El escenario laboral en la Argentina cerró el año con signos de deterioro que encienden las alarmas en el sector productivo y social. Según el último informe presentado este miércoles por el Instituto Nacional de Estadísticas y Censos (INDEC), la tasa de desocupación escaló hasta el 7,5% en el cuarto trimestre de 2025. Este dato no solo representa una suba nominal, sino que marca una aceleración de 0,9 puntos porcentuales en relación con el tercer trimestre del mismo año, cuando el indicador se ubicaba en 6,6%.
Al proyectar estos porcentajes sobre la población total, las cifras adquieren un rostro humano preocupante: se estima que casi 1,7 millones de personas sufrieron la falta de trabajo durante ese período. La metodología del organismo releva el mercado de trabajo en un grupo de 31 aglomerados urbanos, cruzando la estimación de la población total con el porcentaje de desocupados dentro de la Población Económicamente Activa (PEA).
Un crecimiento interanual sostenido con actividad estable
La comparativa histórica refuerza la tendencia negativa de la gestión económica actual. En términos interanuales, la tasa de desocupación también mostró un aumento significativo: en el mismo trimestre de 2024 había sido de 6,4%, lo que marcó una suba de 1,1 puntos porcentuales. Lo paradójico del fenómeno es que el incremento del desempleo se dio en un contexto donde la tasa de actividad se ubicó en 48,6% y la tasa de empleo alcanzó el 45%, indicadores que se mantuvieron prácticamente sin cambios frente al trimestre anterior.
Bajo este panorama, el incremento del desempleo se explica por una mayor cantidad de personas que salieron a buscar trabajo sin encontrarlo. La población económicamente activa alcanzó a 14,6 millones de personas en los aglomerados relevados. Además, la presión sobre el mercado de trabajo —que incluye desocupados, subocupados y ocupados demandantes— llegó al 30%, con una leve suba en la comparación trimestral. A su vez, el 16,5% de la PEA estuvo compuesto por ocupados que buscaron otro empleo, lo que reflejó dificultades para mejorar ingresos o condiciones laborales.
Formalidad e informalidad en la estructura laboral
En relación con la calidad del empleo, el informe mostró que se mantuvo en torno al 43%, un punto por encima del mismo período de 2024. Al cierre de 2025, el universo de ocupados se dividía de la siguiente manera: por un lado, el 71,5% (9,7 millones) eran asalariados y, por el otro, el 28,5% (3,8 millones) no asalariados.
Dentro de los trabajadores en relación de dependencia, el 63,7% tenía descuento jubilatorio, mientras que el 36,3% se encontraba en condiciones informales.

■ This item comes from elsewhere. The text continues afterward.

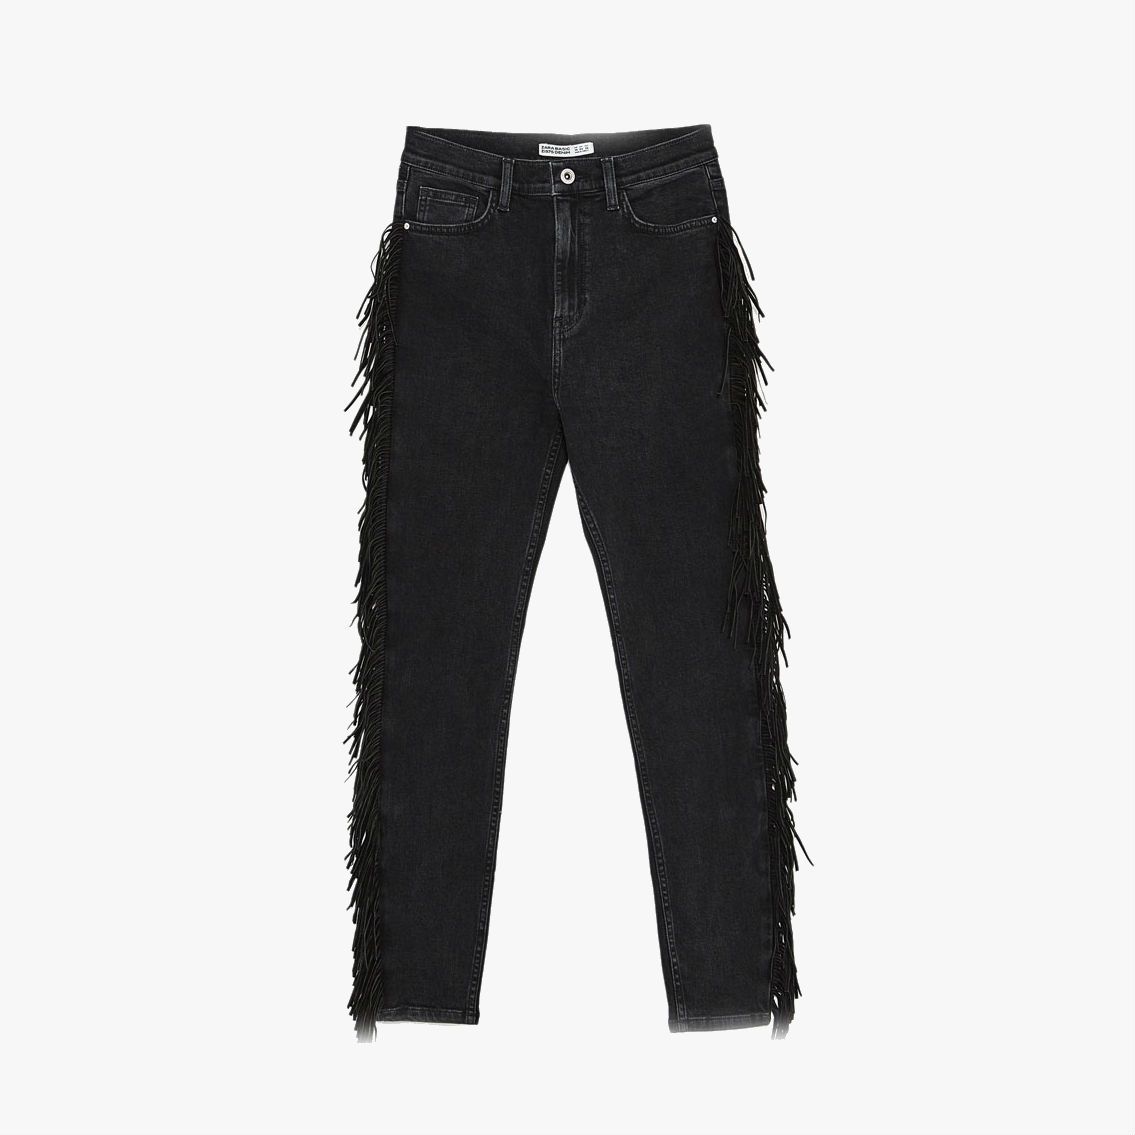 Black high-waisted jeans with black fringe on sides.

Asimismo, las tensiones estructurales se manifiestan en que el 11,3% de los ocupados estaba subocupado y el 29,2% se encontraba sobreocupado, lo que refleja las dificultades existentes en la estructura del mercado laboral para equilibrar las cargas horarias.
El sesgo generacional y las brechas regionales
La desocupación mostró un comportamiento dispar según la edad, con un aumento mucho más marcado entre los jóvenes de 14 a 29 años. En la comparación interanual, la tasa subió 4,1 puntos porcentuales en mujeres jóvenes y 4,5 puntos en varones del mismo grupo etario. De esta manera, la desocupación alcanzó el 16,8% en mujeres jóvenes y el 16,2% en varones, niveles que duplicaron el promedio general del país, mientras que entre los adultos de 30 a 64 años el indicador se mantuvo relativamente estable.
Finalmente, el informe del INDEC expuso las asimetrías geográficas. El Gran Buenos Aires registró la tasa de desempleo más alta con el 8,6%, seguida por la región pampeana con 7,7% y el Noreste con 5,6%. En contraste, los niveles más bajos se observaron en el Noroeste (4,2%), Cuyo (4,9%) y la Patagonia (4,8%). El factor demográfico también resultó determinante: el desempleo alcanzó el 8% en los centros urbanos con más de 500.000 habitantes, frente al 4,7% en las localidades de menor tamaño.